Il a tout donné, mais il n’a rien perdu. Il est partout chez lui dans cet immense jardin d’Eden qu’est la campagne d’Assise, et la nature est sa maison, les animaux ses amis, le loup bien entendu, les oiseaux et même les poissons. Il n’y a pas chez lui, comme aujourd’hui chez nous, le souci angoissé de la nature et de sa protection. Il fait partie de la nature, il n’y est pas extérieur. Il a besoin d’elle pour célébrer le Dieu vivant : avec sœur l’eau, frère soleil et même sœur la mort, dont il n’a pas peur et qu’il ne faut pas exclure car elle fait partie de notre condition.
Il n’écrit pas de synthèse comme Bonaventure ou Thomas, car sa vie est une synthèse en acte et une totale réconciliation. Pauvre, il est frère universel, sans autre souci que l’essentiel, qui est son prochain et son Dieu. Pas besoin de moyens compliqués, de maisons, de bibliothèques, de prêtres, d’évêques, tout est offert à vivre et en direct.
Le fréquenter nous repose des détours de conscience d’autres saints compliqués, inhibés, torturés. Il n’a pas la violence de Bernard, ni la raideur d’Ignace, ni les abstractions de Thomas, ni l’ennui de moines trop réguliers… A la différence de Dominique, il nous laisse des écrits, des poèmes, des cantiques, des fioretti. Il y a tout ce qu’il a dit et tout ce qu’on lui a fait dire ! Il déborde de fantaisie, traverse la Méditerranée pour passer du côté musulman. Il rate son martyre parce qu’il comprend très vite qu’il n’est pas chez des infidèles mais chez des croyants. Le dialogue interreligieux, il le pratique, bien avant qu’on invente le mot ! Et plus il admire leur sens de la transcendance, plus il comprend l’importance de l’incarnation. Il apprend à se taire, à écouter, à regarder, devenant ainsi l’ami du Sultan.
—
François nous fait rêver mais il n’était pas un rêveur ! C’est en revenant de Terre Sainte qu’il a cette idée de génie des crèches vivantes à Noël. Dieu est tellement grand qu’il s’est aussi fait tout petit ! Comment donc incarner aujourd’hui l’Evangile de Jésus-Christ ?

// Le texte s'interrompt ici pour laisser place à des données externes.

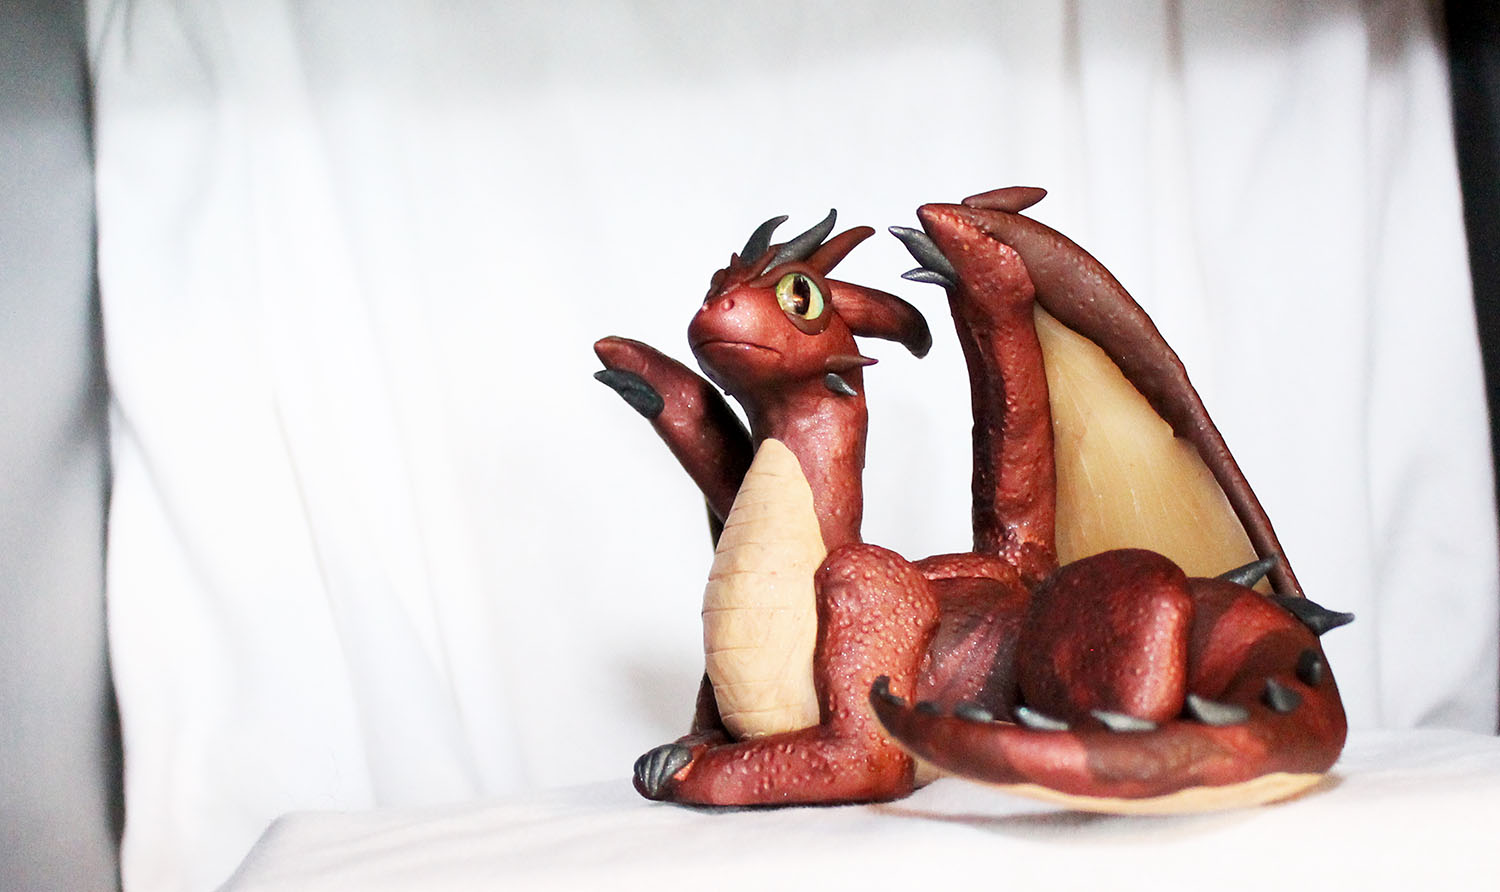 Game of Thrones inspired clay dragon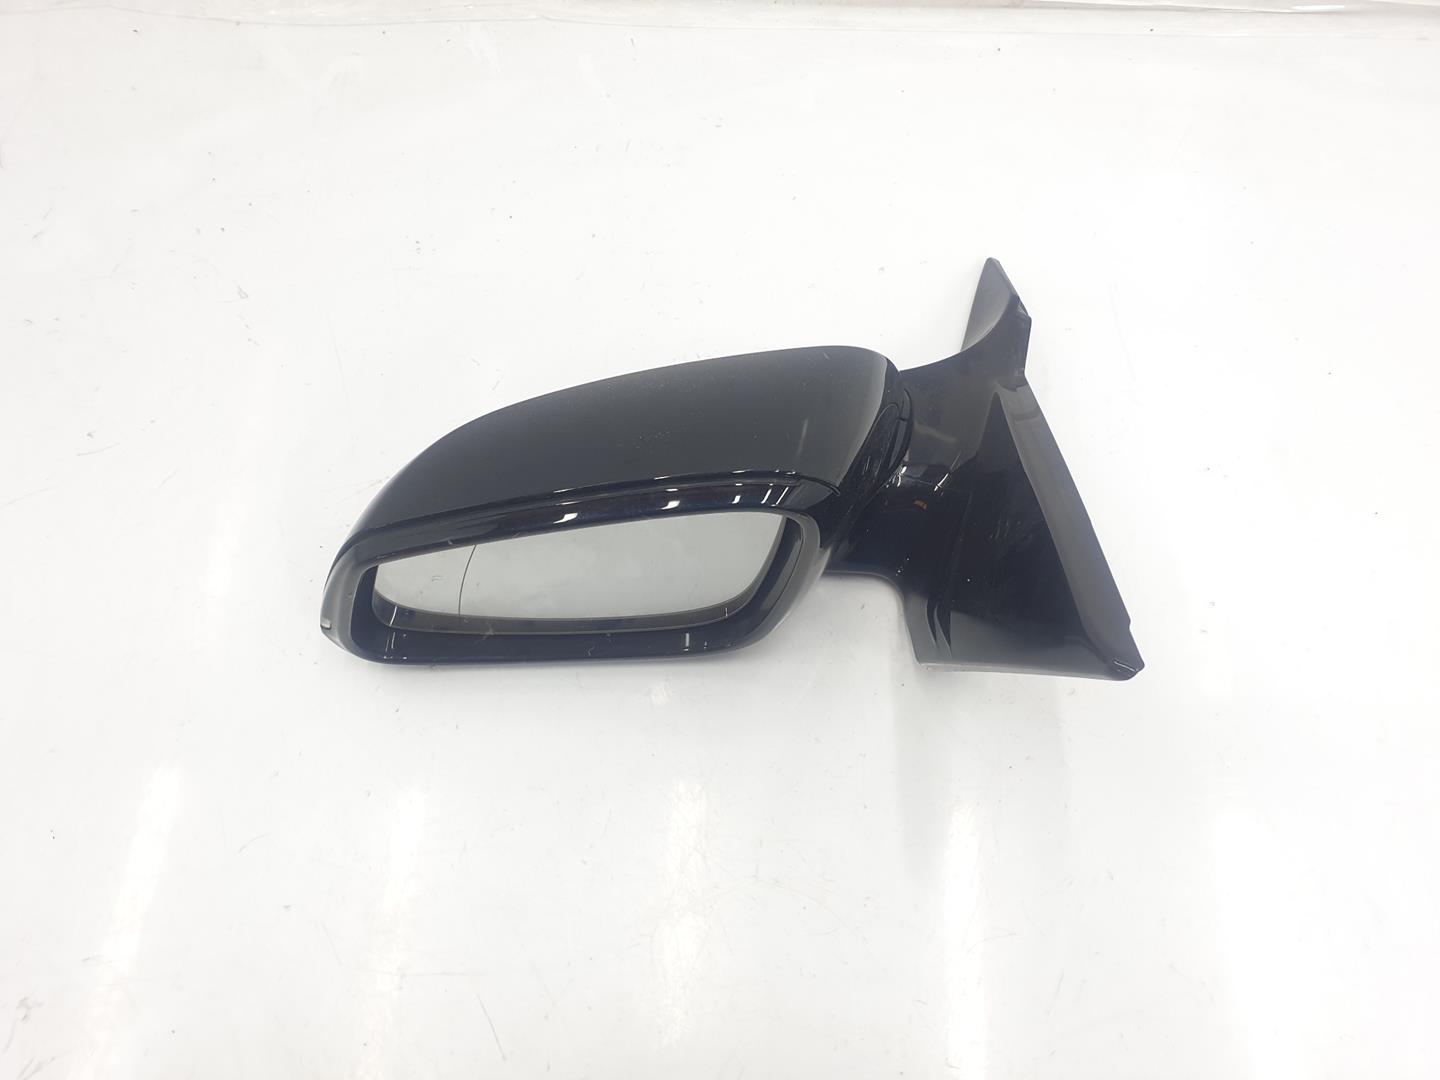 BMW 2 Series F22/F23 (2013-2020) Left Side Wing Mirror 51167268609, 51167268609, COLORNEGRO475 19833600

L’idéal de François n’est pas facile. La poésie a son charme, elle cherche la perfection, elle ne doit pas masquer l’effort, la ténacité et l’intelligence qu’il faut déployer pour y parvenir. La sainteté de François, selon moi, est de type eschatologique. (Elle indique une réconciliation avec la nature, une pauvreté qui n’est pas à chercher dans un âge d’avant le péché originel, mais dans un accomplissement de l’humanité par l’humanisation de ce cosmos dont elle doit assumer la responsabilité). Il ne faut pas oublier l’histoire, le devenir laborieux, ne pas confondre le naturel et le spontané. « La nature de l’homme c’est l’artifice », disait Emmanuel Mounier. L’homme est un être culturel et social. L’ascèse authentique doit être aussi communautaire.
Le grand problème de l’humanité est celui de la gouvernance. Comment nous organiser, en Afrique, en Haïti, pour non pas éviter les conflits (il y en aura toujours) mais pour les gérer ? Comment utiliser les forces vives pour autre chose que nous affronter ? Notre idéal de fraternité nous fait choisir, depuis 8 siècles, la démocratie, laissant de côté le modèle monastique féodal : avec des mandats limités dans le temps, les contre-pouvoirs que sont les conseillers, des procédures pour organiser les débats et parvenir à l’élection des animateurs et aux prises de décision. Le vrai témoignage dont le monde a besoin, c’est de réaliser des projets communs où coopèrent de fortes personnalités en évitant la paralysie communautaire ou l’anarchie de projets individuels isolés. Il y a un angélisme pervers, nous le savons, qui consisterait à insister sur l’humiliation et l’obéissance, alors que la charité doit s’incarner dans des structures et des pratiques évangélisées où chacun peut être respecté et donner le meilleur.
Que saint François nous communique son esprit, comme il le fait dans l’Eglise depuis bientôt huit siècles et que nous sachions vivre de l’Evangile non pas seulement individuellement, mais en communauté, pour le rendre vivable par tous ceux qui aiment Jésus Christ !
Fr. Michel Van Aerde OP.
1 Delteil Joseph François d’Assise, Flammarion, Paris, 1960 ; Œuvres complètes, Grasset Paris 1978, pages 547 à 695.